Input data:
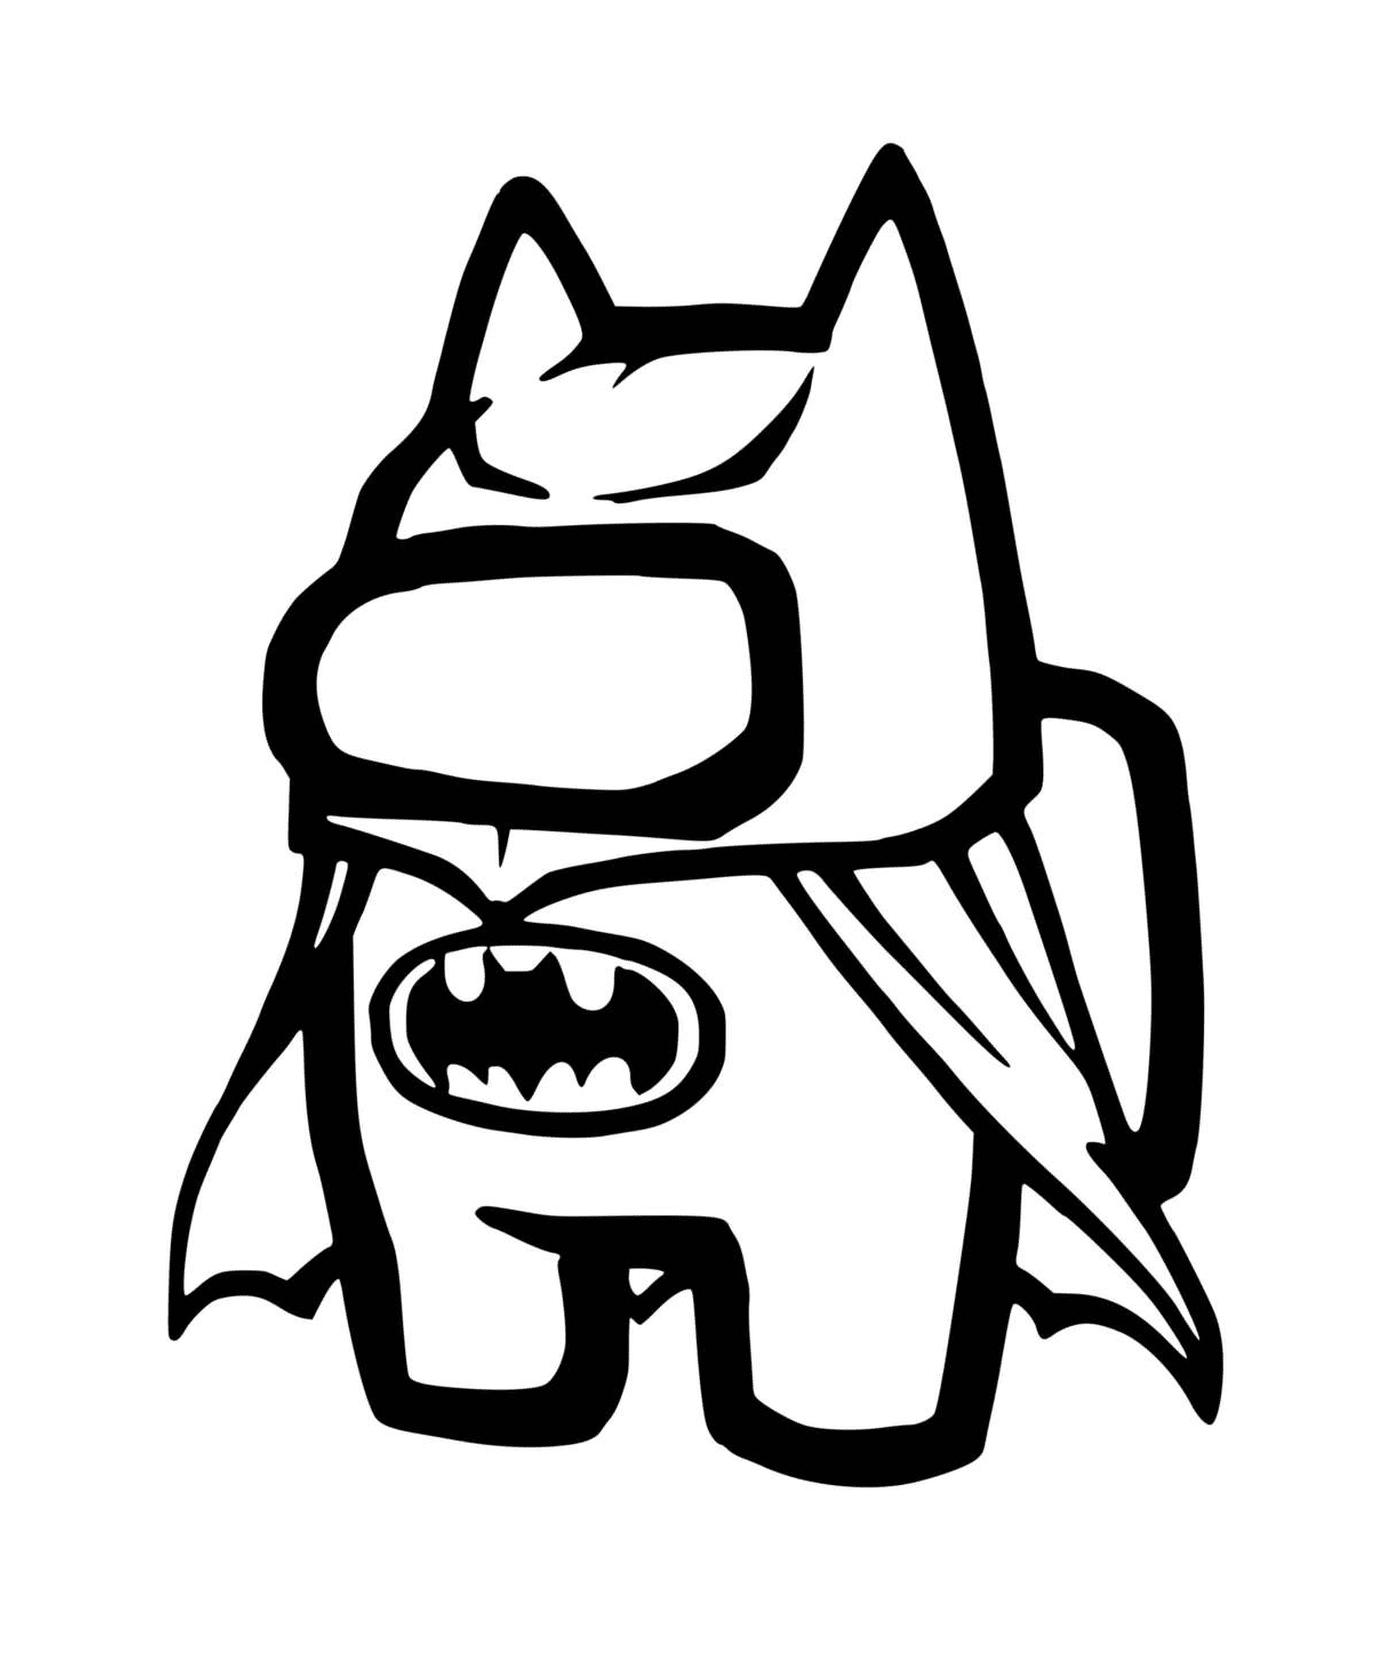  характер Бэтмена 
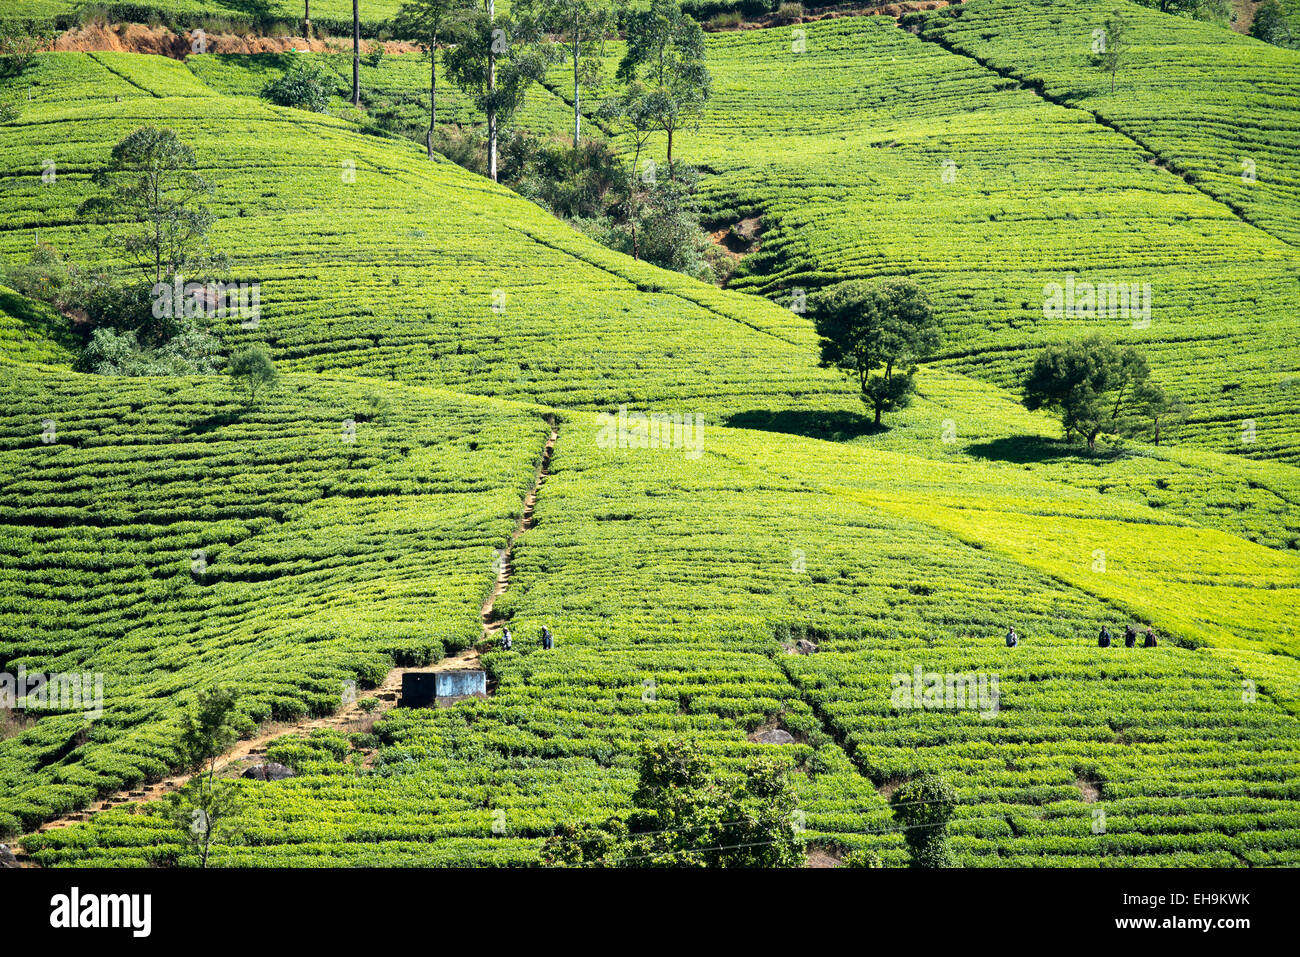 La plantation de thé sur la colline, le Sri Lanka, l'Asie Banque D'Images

---

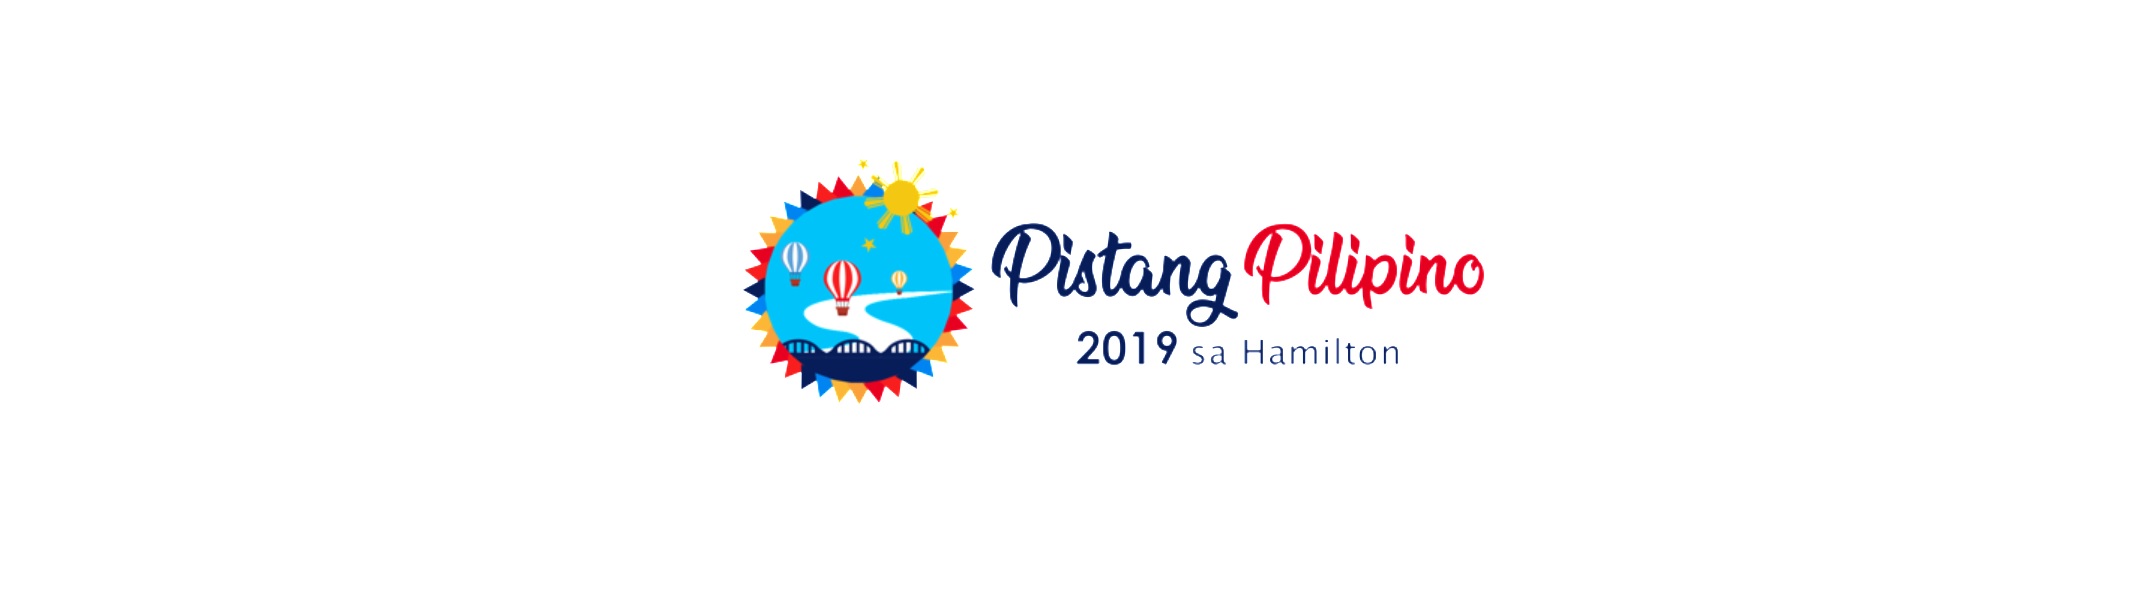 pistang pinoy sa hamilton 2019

Work instructions:
Print the line above containing "характер Бэтмена", the line containing "La plantation de", and everything between them, exactly as written. Pictures stay out.

Answer to the exercise:
  характер Бэтмена 
 La plantation de thé sur la colline, le Sri Lanka, l'Asie Banque D'Images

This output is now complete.